NEW YORK (GenomeWeb) – Researchers from the University of Hong Kong have performed a comparative genomic analysis of pre-epidemic and epidemic Zika virus in the hopes of finding out how and why it went from fewer than 20 sporadic cases in Africa and Asia before 2007 to a large epidemic causing neurological conditions in children and adults.
As they reported today in Emerging Microbes & Infections, the researchers analyzed sequences of 24 Zika isolates with complete genome or complete polyprotein sequences available in GenBank, including strains collected from humans, animals, and mosquitoes in Africa, Asia, the Pacific islands, and Latin America between 1947 and 2015. The team also compared the Zika samples to representative genome sequences of other human-pathogenic flaviviruses, such as Spondweni virus, dengue virus serotype 2, Japanese encephalitis virus, West Nile virus, yellow fever virus, and tick-borne encephalitis virus.
They constructed a phylogenetic tree and conducted protein family analysis, among other analyses. "Besides the reported phylogenetic clustering of the epidemic strains with the Asian lineage, we found that the topology of phylogenetic tree of all coding regions is the same except that of the non-structural 2B (NS2B) coding region," the team wrote in its paper. "This finding was confirmed by bootscan analysis and multiple sequence alignment, which suggested the presence of a fragment of genetic recombination at NS2B with that of Spondweni virus."
Phylogenetic analysis of the ten putative structural and NS coding regions showed that the Zika strains were clustered into the African and the Asian lineages, and that the epidemic Zika strains clustered with the Asian lineage strains. "The complete polyprotein sequences of [Zika] within the same lineage are more similar than those of different lineages," the authors wrote. "Notably, there is a change in the tree topology at the NS2B coding region, with a possible recombination occurring between [Zika] and [Spondweni]."
Using all 24 available Zika genome sequences, the researchers found that the Ka/Ks ratios are low, suggesting that all the genes in the Zika genome are likely under stabilizing selection.

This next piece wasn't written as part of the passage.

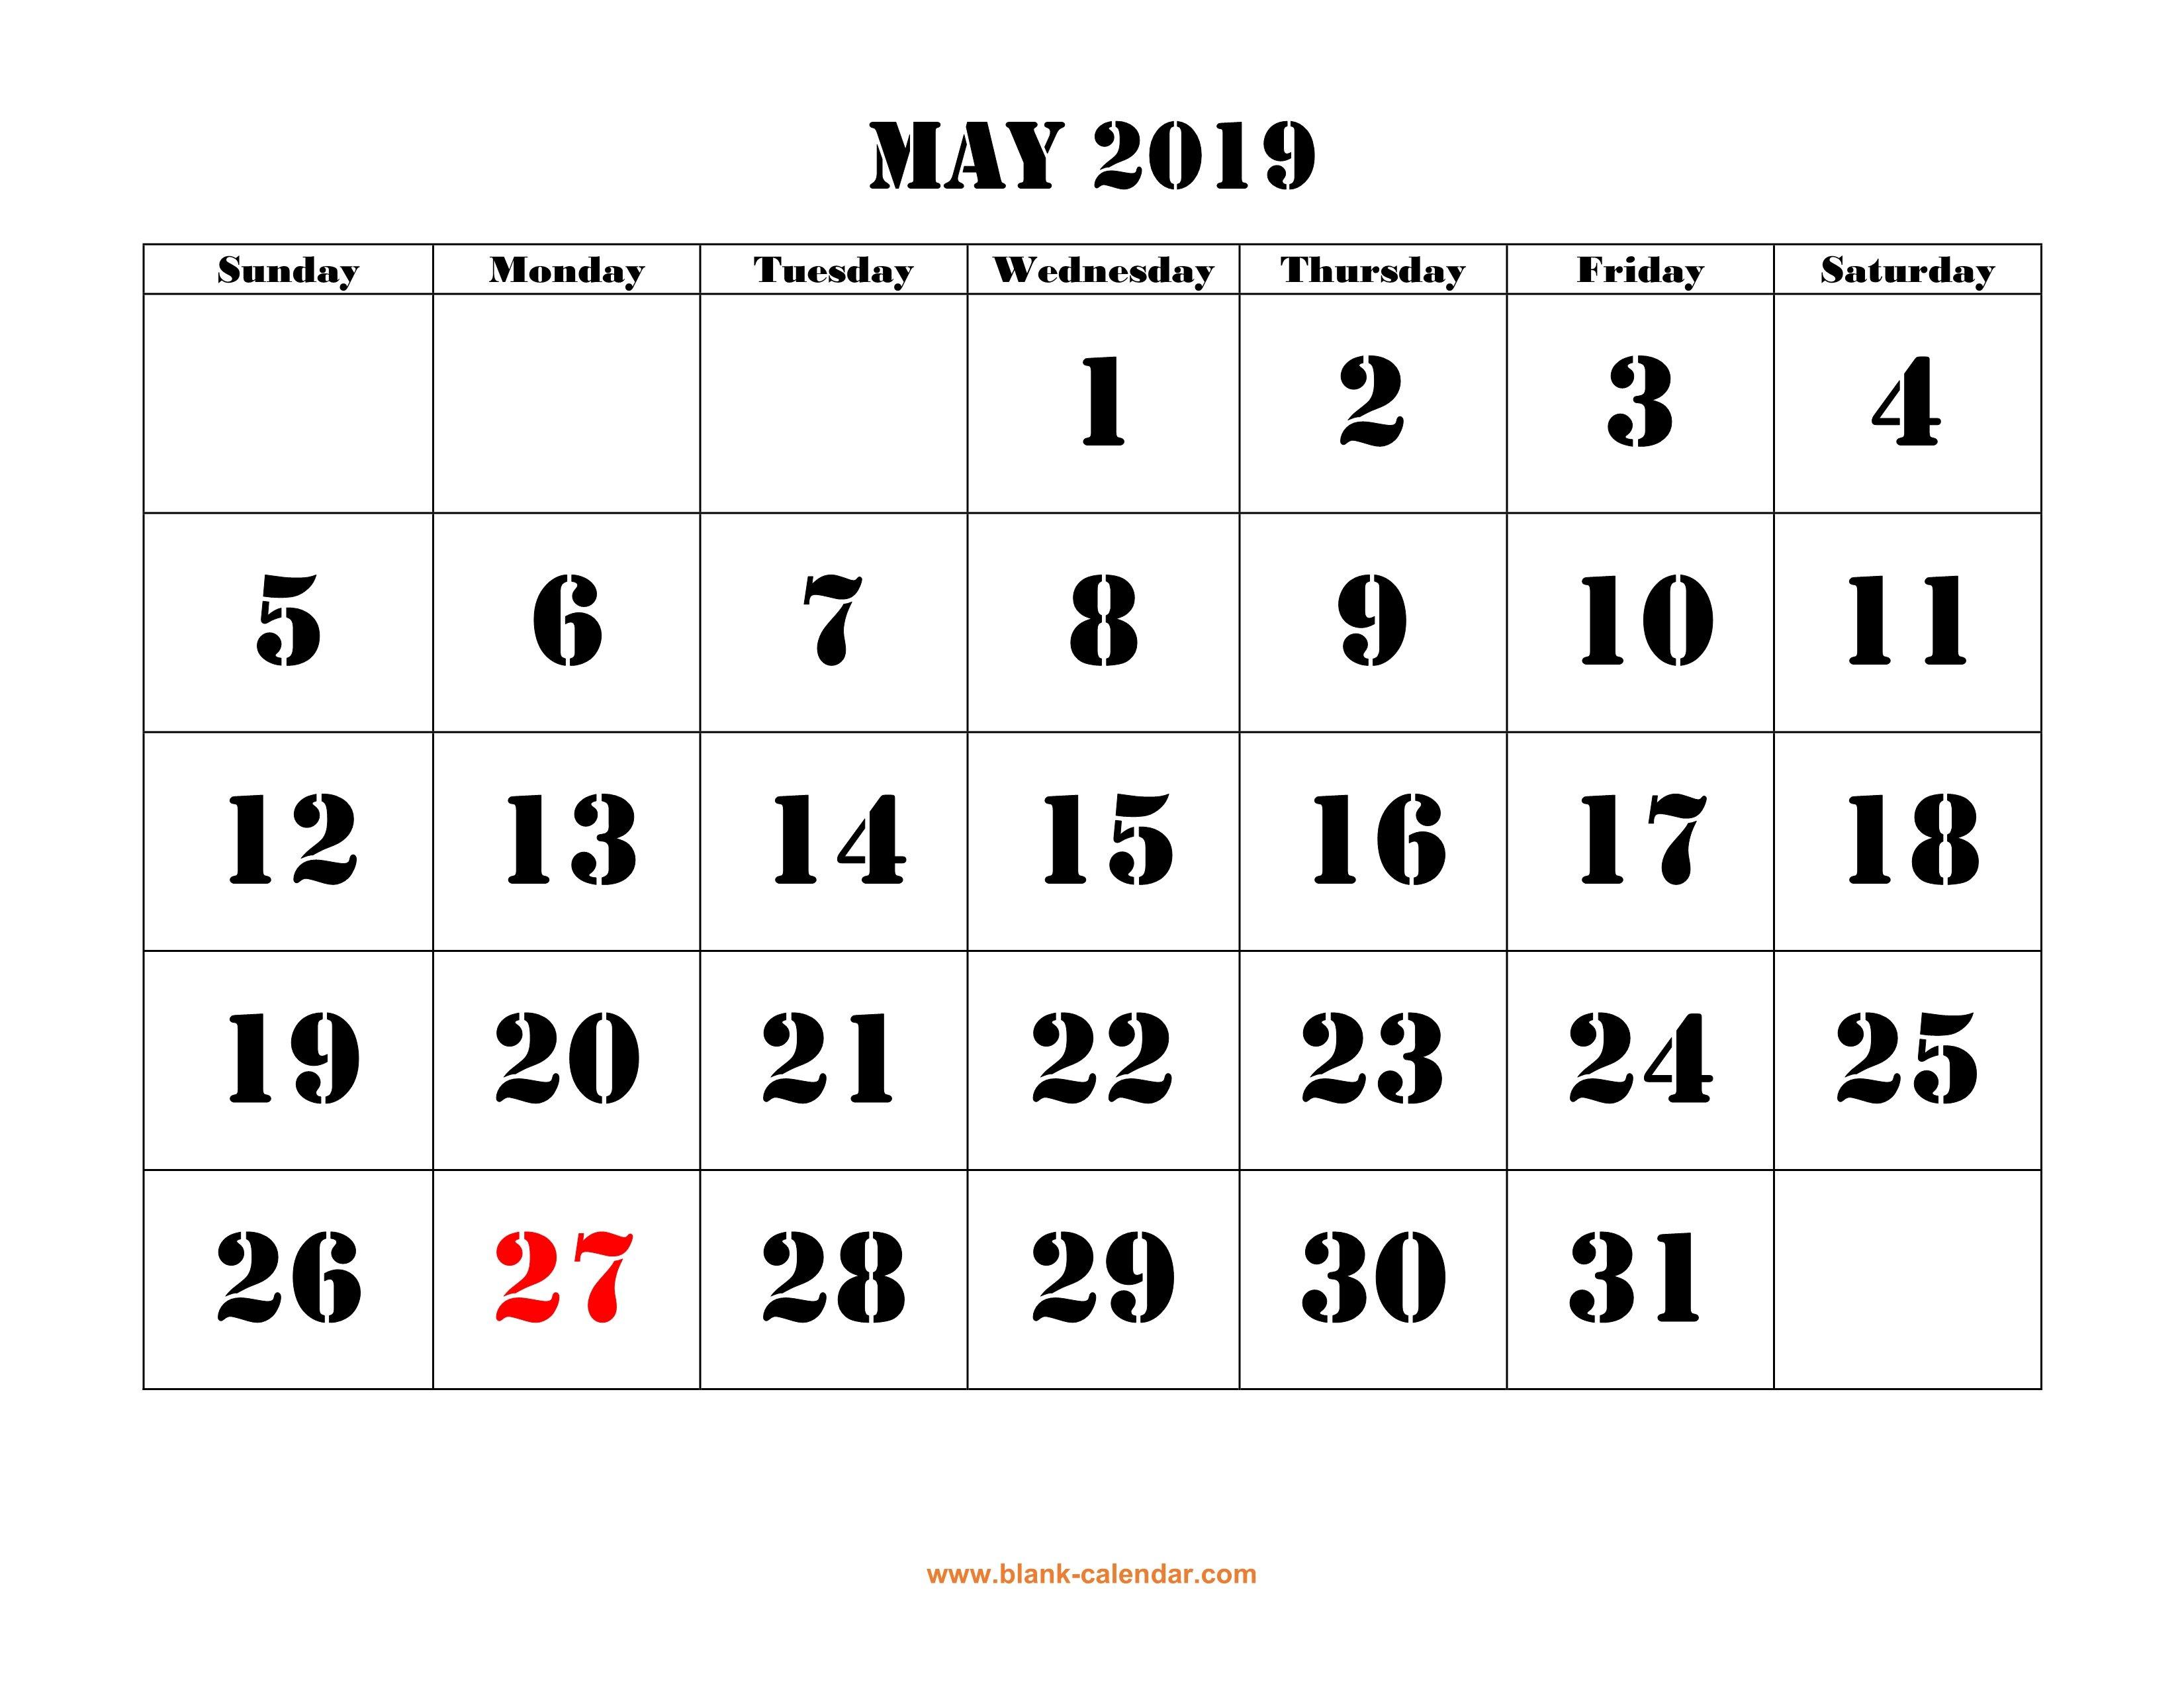 Free Download Printable May 2019 Calendar, Large Font Design May 2 2019 Calendar

In comparing the pre-epidemic Asian lineage and the epidemic Zika strains, the team detected 24 amino acid substitutions in the genomes of the latter virus strains, four of which are associated with a change in the hydrophilicity or hydrophobicity of the amino acids.
In comparing pre-epidemic African lineage virus strains and the epidemic Zika strains, the team further detected 75 amino acid substitutions. Most of these were markers that differentiate the African and Asian lineages of Zika, but 15 of these substitutions are only present in the epidemic Zika strains and not the pre-2007 strains.
Further, the authors wrote, "we have detected a number of amino acid substitutions throughout the genome and a conformational change in the SLI structure at the 3'-UTR of the epidemic [Zika] strain. We have also detected a possible recombination of a NS2B fragment between the Asian lineage of [Zika] and [Spondweni]."
Since mutations in other similar viruses have been associated with changes in virulence, replication efficiency, antigenic epitopes, and host tropism, the authors added, it's important to conduct further studies to ascertain the biological significance of all genomic changes from pre-epidemic to epidemic Zika.